Repeat all of the data below word for word, keeping no images.

DATASET EXTRACT ::
________________________________________

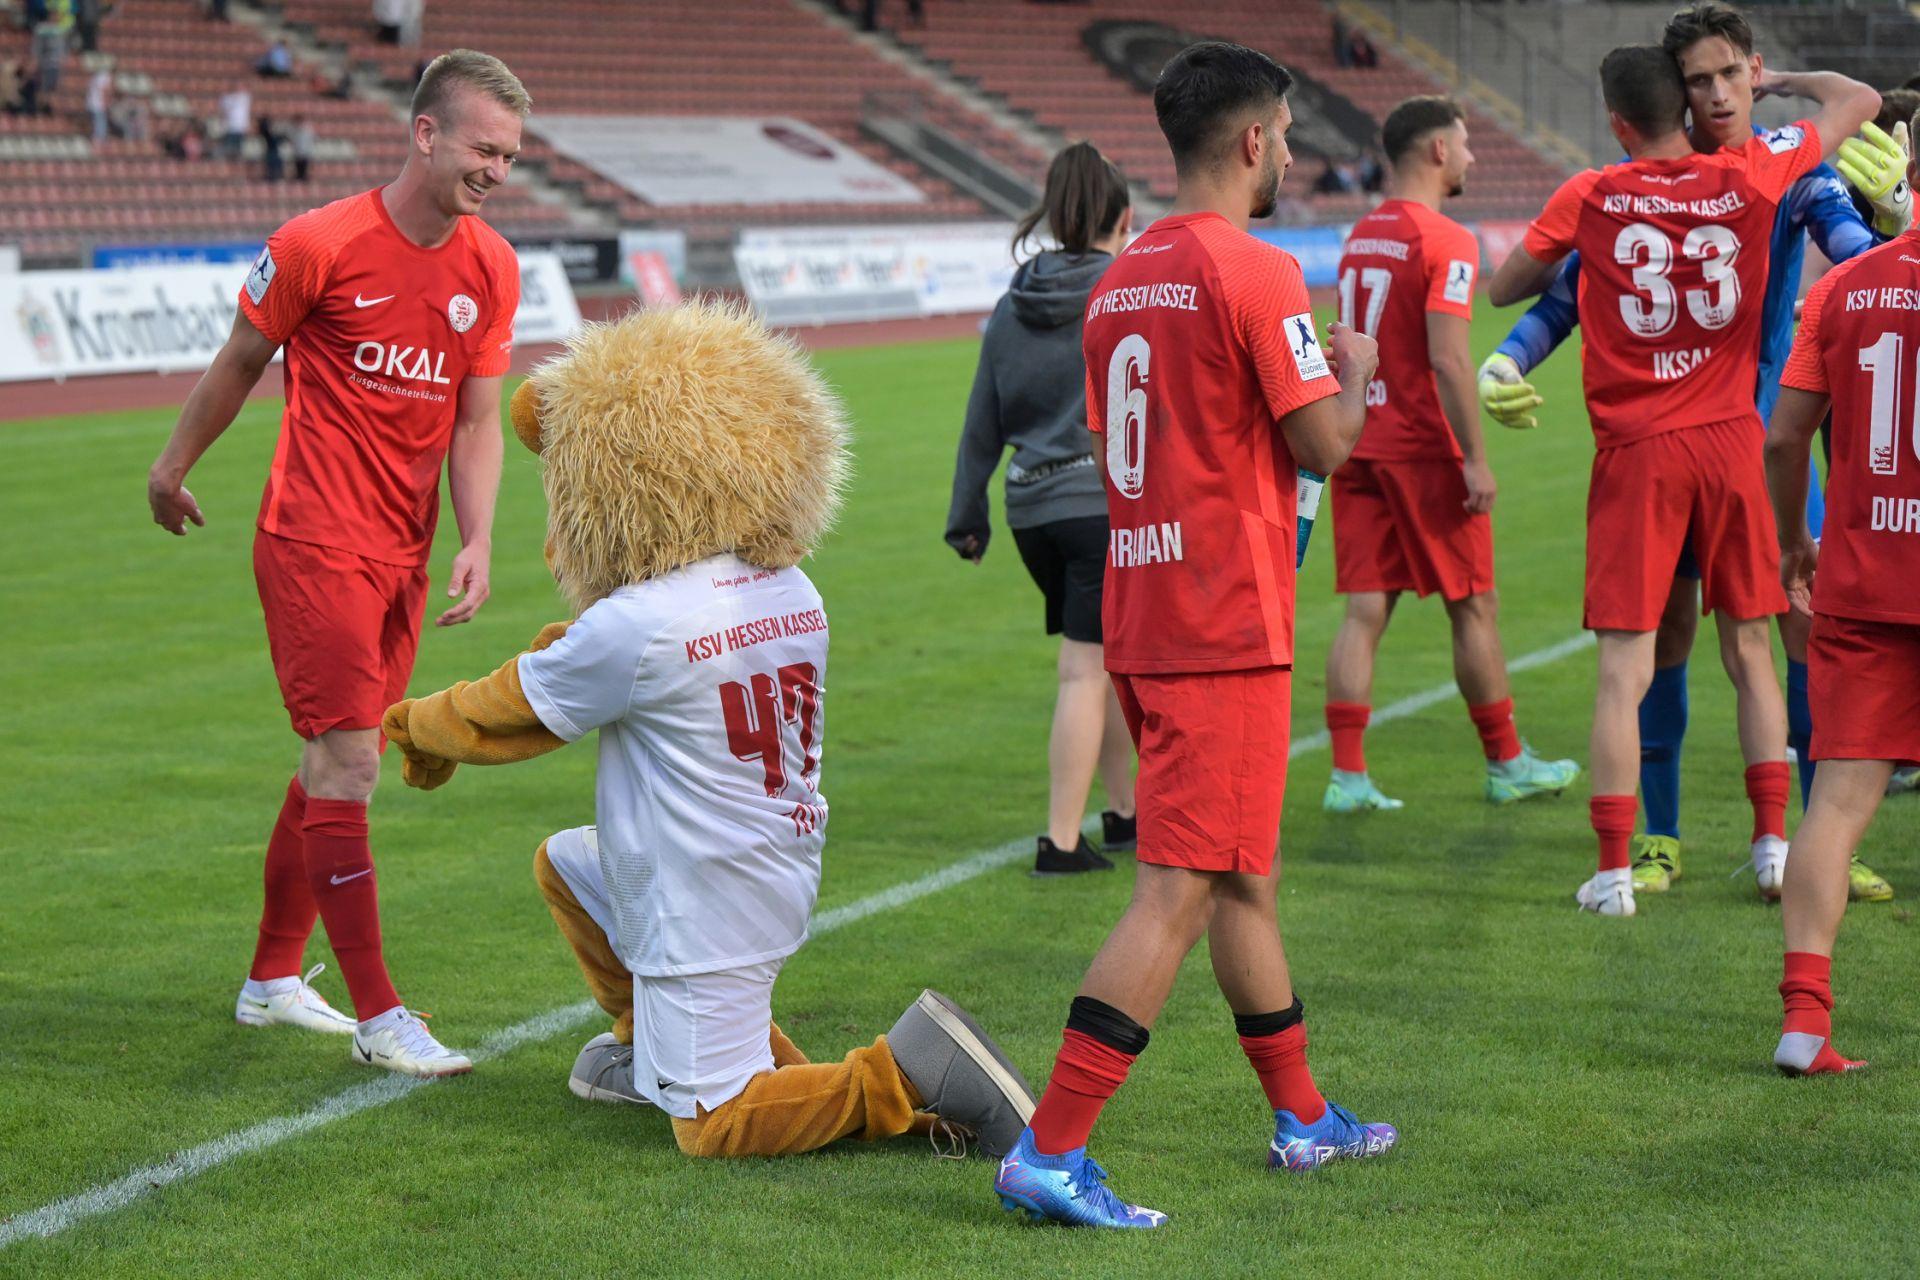 KSV Hessen Kassel, VfB Stuttgart II, Regionalliga S�dwest, Saison 2021/22, Endstand 3:2, Jubel zum 3:2
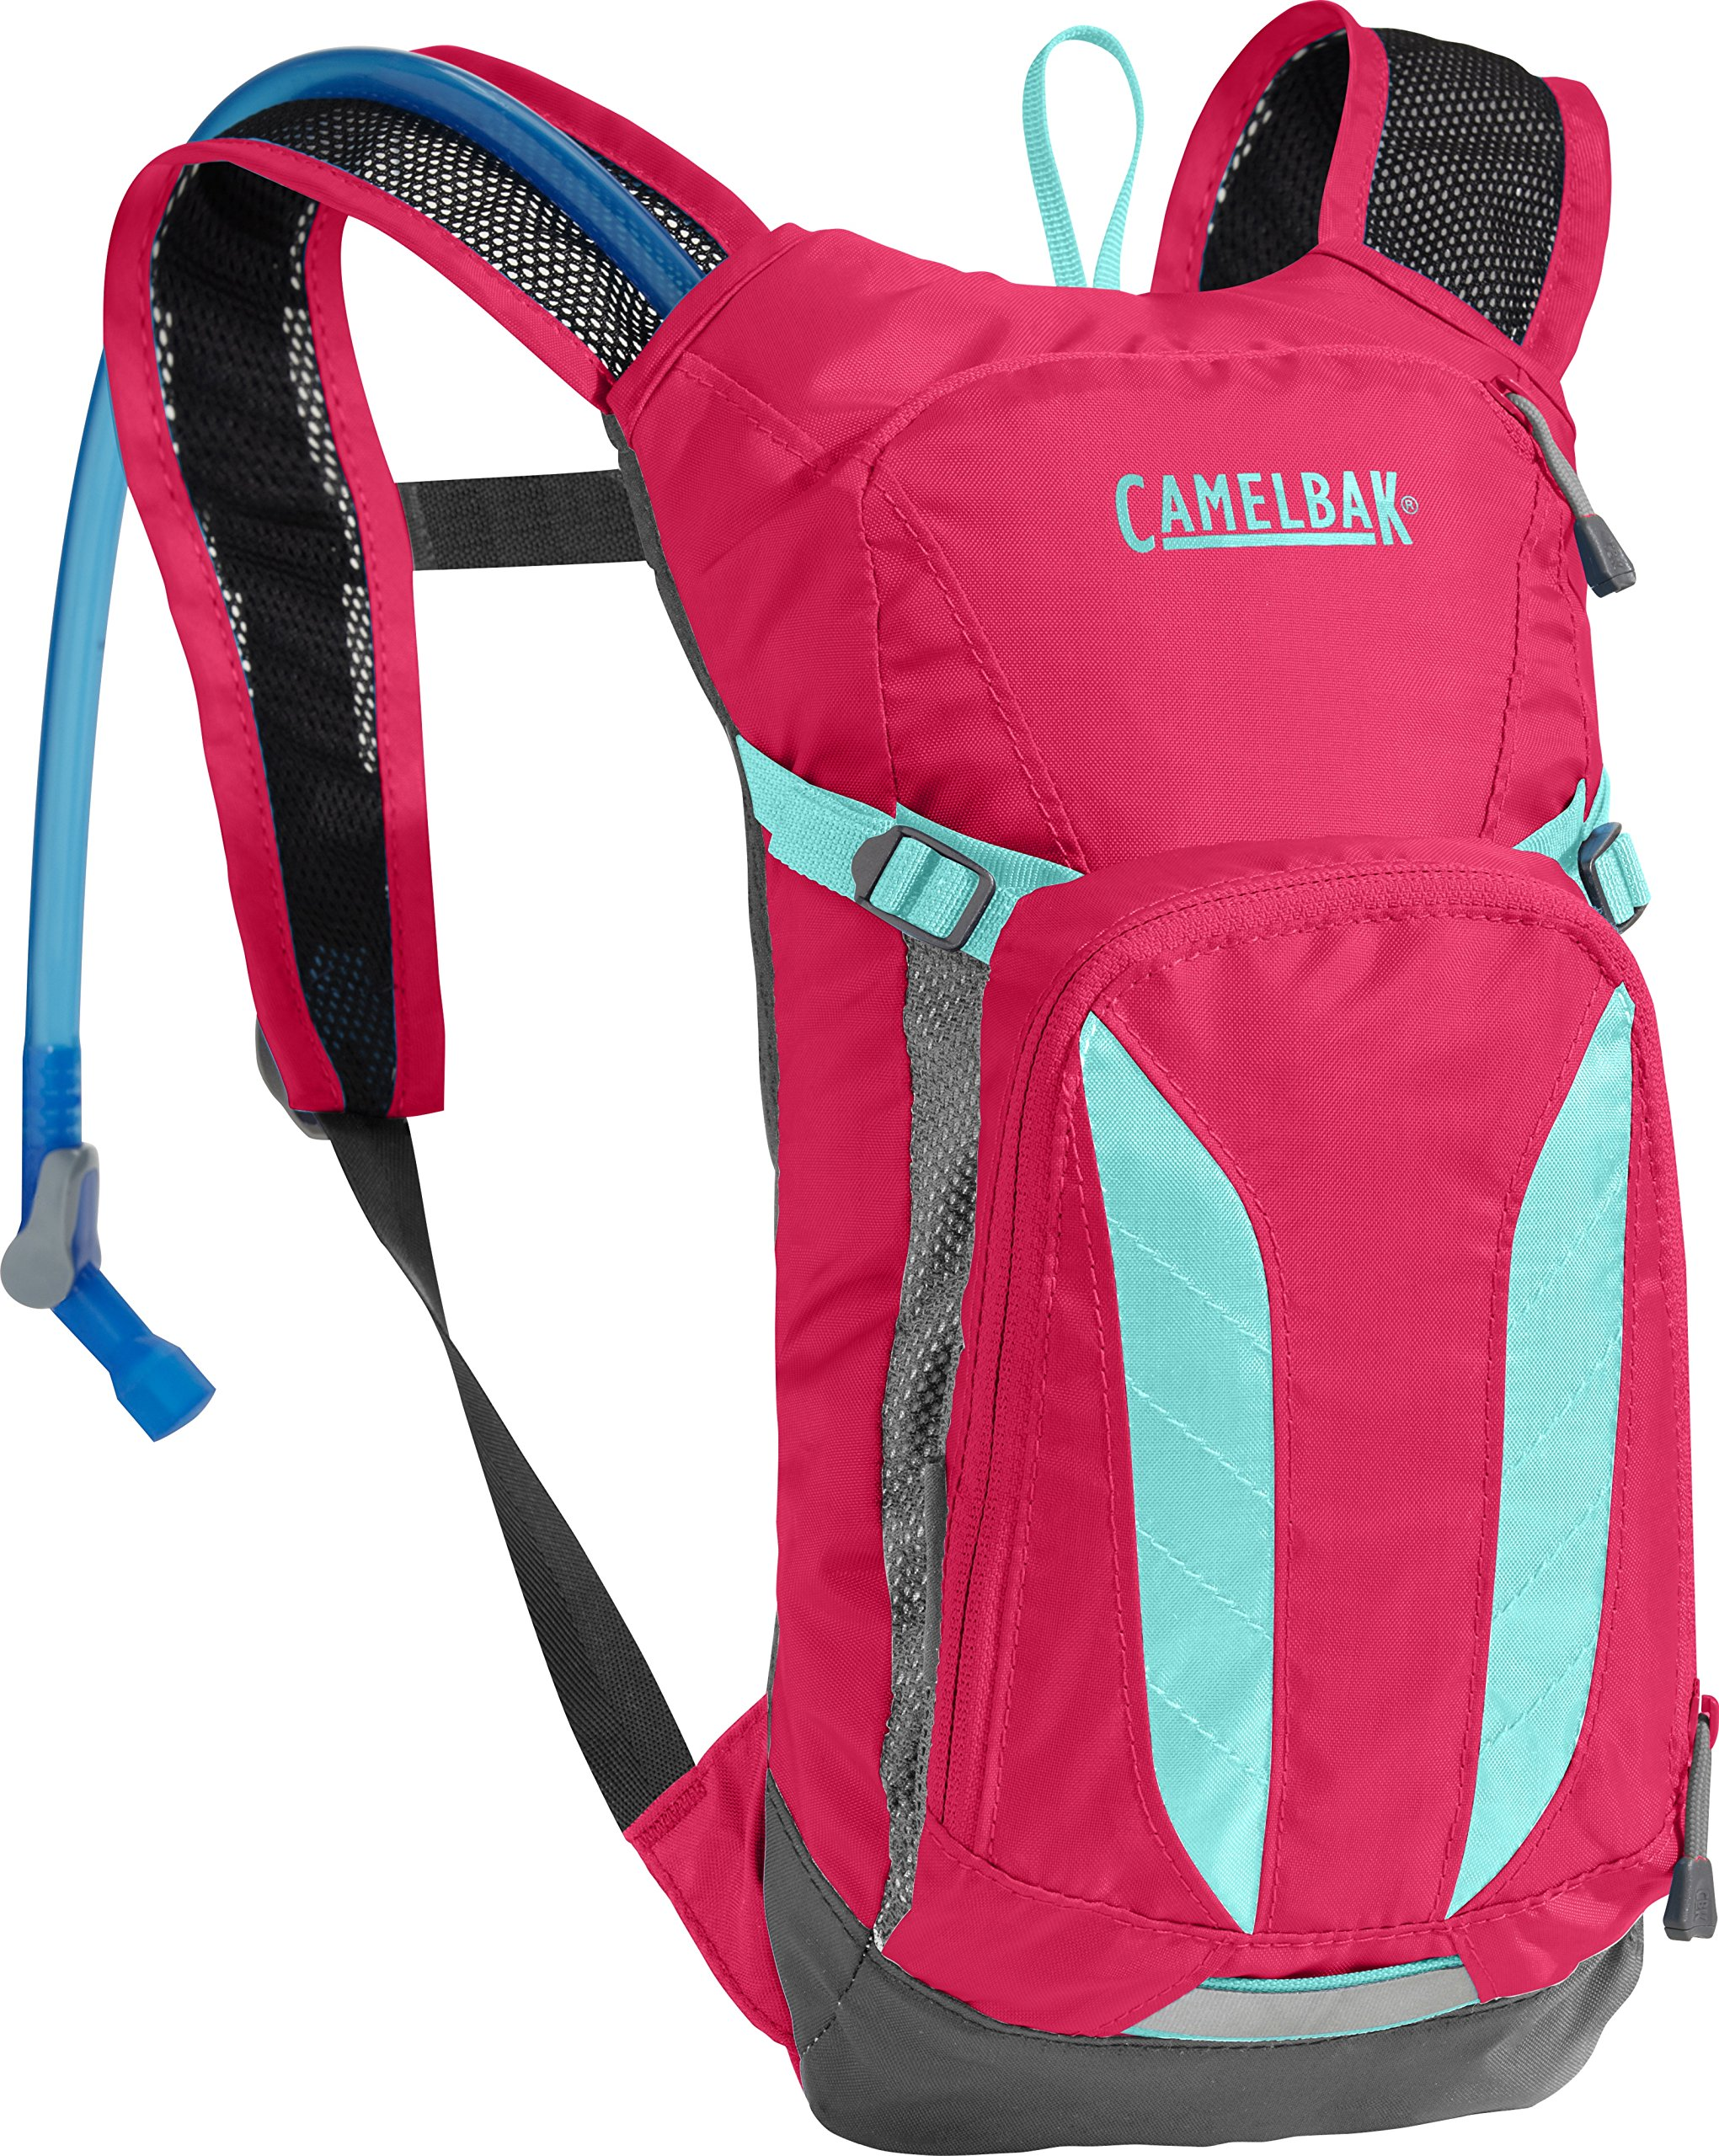 CamelBak Kids Mini M.U.L.E. Crux Reservoir Hydration Pack, Azalea/Aruba Blue, 1.5 L/50 oz
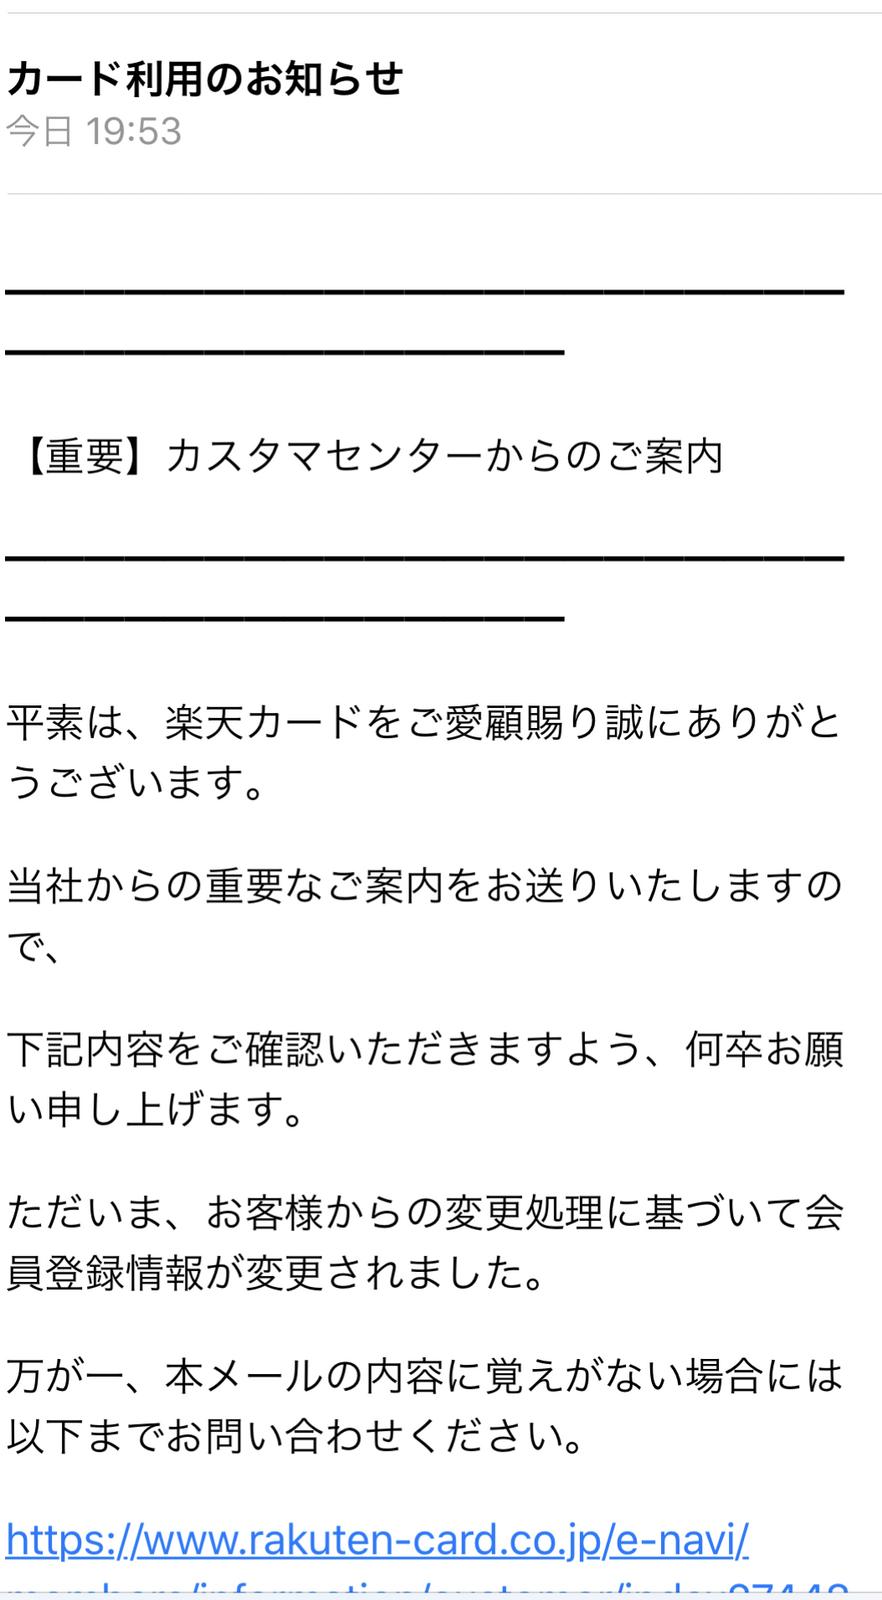 20171213_213046_2

________________________________________

SOLUTION FOR THIS EXERCISE ::
 KSV Hessen Kassel, VfB Stuttgart II, Regionalliga S�dwest, Saison 2021/22, Endstand 3:2, Jubel zum 3:2
 CamelBak Kids Mini M.U.L.E. Crux Reservoir Hydration Pack, Azalea/Aruba Blue, 1.5 L/50 oz
 20171213_213046_2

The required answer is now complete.